К сожалению, теперь, как мне сообщает мой приятель, сов. гражданин, проживающий во Франции, поэт В.А.Мамченко, многие из этих людей вновь сблизились с сугубо эмигрантской средой и принимают участие в соответствующих эмигрантских изданиях.
Кто знает, может быть, отчасти и потому, что тот центр притяжения, плох или хорош, и издания «Союза сов. (…)», который существовал в Париже в 1945–1949 гг., теперь начисто во Франции отсутствует.
Правда, все наши тогдашние учреждения носили более или менее дилетантский характер, возникали т. е. в порядке самодеятельности, но все же какую-то роль они выполняли и, как мне видится, вели полезную работу по развитию культурных связей с соотечественниками и пропаганды нашей Родины.
Право, я не знаю, чем смогу быть Вам полезен. Сейчас посылаю Вам ряд стихов, на ваш «суд и расправу», большинство из них написано еще за рубежом, может быть, Вы что-нибудь выберете.
Дело в том, сказать по правде, мерзкое состояние моего здоровья и отсутствие времени не дает мне возможности отдаваться литературной работе, все свои силы и время я отдаю своей работе, которую люблю и которая приносит мне удовлетворение. Вот уж семь лет тому назад, сразу же по приезде в Алма-Ату, я устроился на работу художником — научным иллюстратором в Институт Зоологии АН Каз. ССР.
Я был принят с исключительным благожелательством и вниманием решительно всеми товарищами моего нового коллектива.
Широкий круг прочных дружеских связей, как-то сразу организовавшийся у меня, очень помог мне приспособиться к новым условиям жизни и работы. За эти годы эти дружеские связи выросли и окрепли.
Ряд научных трудов на моей библиотечной полке, проиллюстрированный мной (от простейших до ископаемых), позволяет мне думать, что и я внес какой-то свой, в меру моих сил и возможностей, скромный вклад в нашу советскую биологическую науку.
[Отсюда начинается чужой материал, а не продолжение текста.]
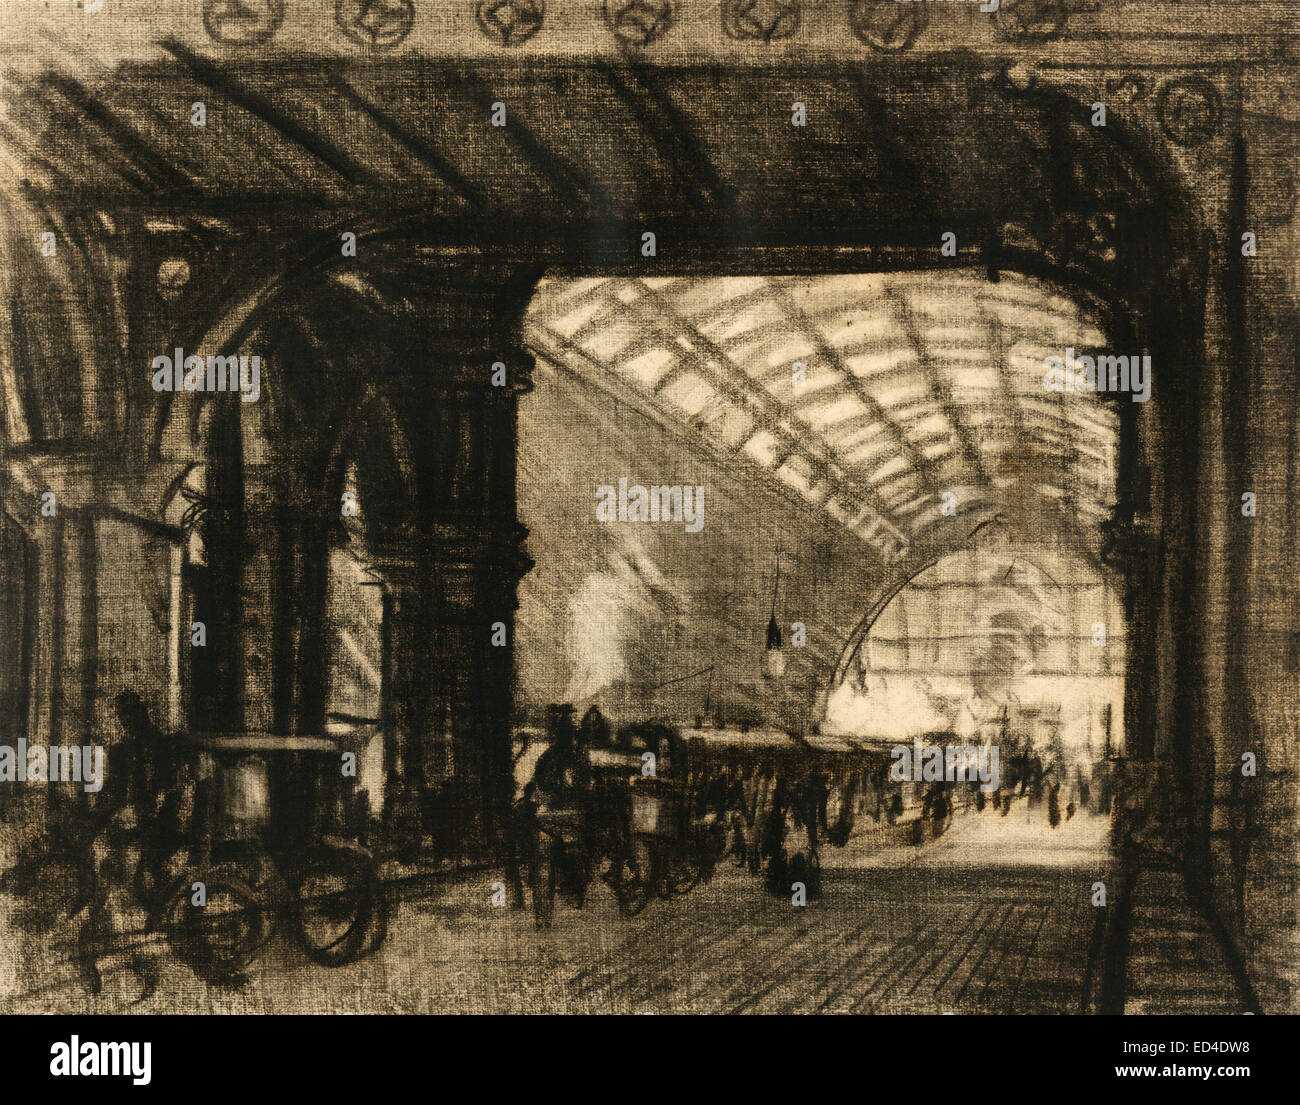 La stazione di St. Pancras - Londra, Inghilterra. Visualizza carrello passato in primo piano a sinistra sotto il ponte a lungo con lucernaio stazione arcuata affollato di figure e carrelli oltre, circa 1908 Foto Stock

Это сознание дает мне большую радость и удовлетворение. Я многому научился за эти годы. И мне приходится сожалеть только о том, что обстоятельства и собственные ошибки предоставили мне слишком поздно эту возможность влиться — как бы ни был мал мой труд — в общую работу строительства новой жизни на Родине. Два года тому назад я мог бы уйти на пенсию, но эта перспектива меня нисколько не занимает и не устраивает.
В настоящее время я заведую группой оформителей (художники, (…(фото-кино (…) нашего института и это открывает мне еще более широкое поле деятельности.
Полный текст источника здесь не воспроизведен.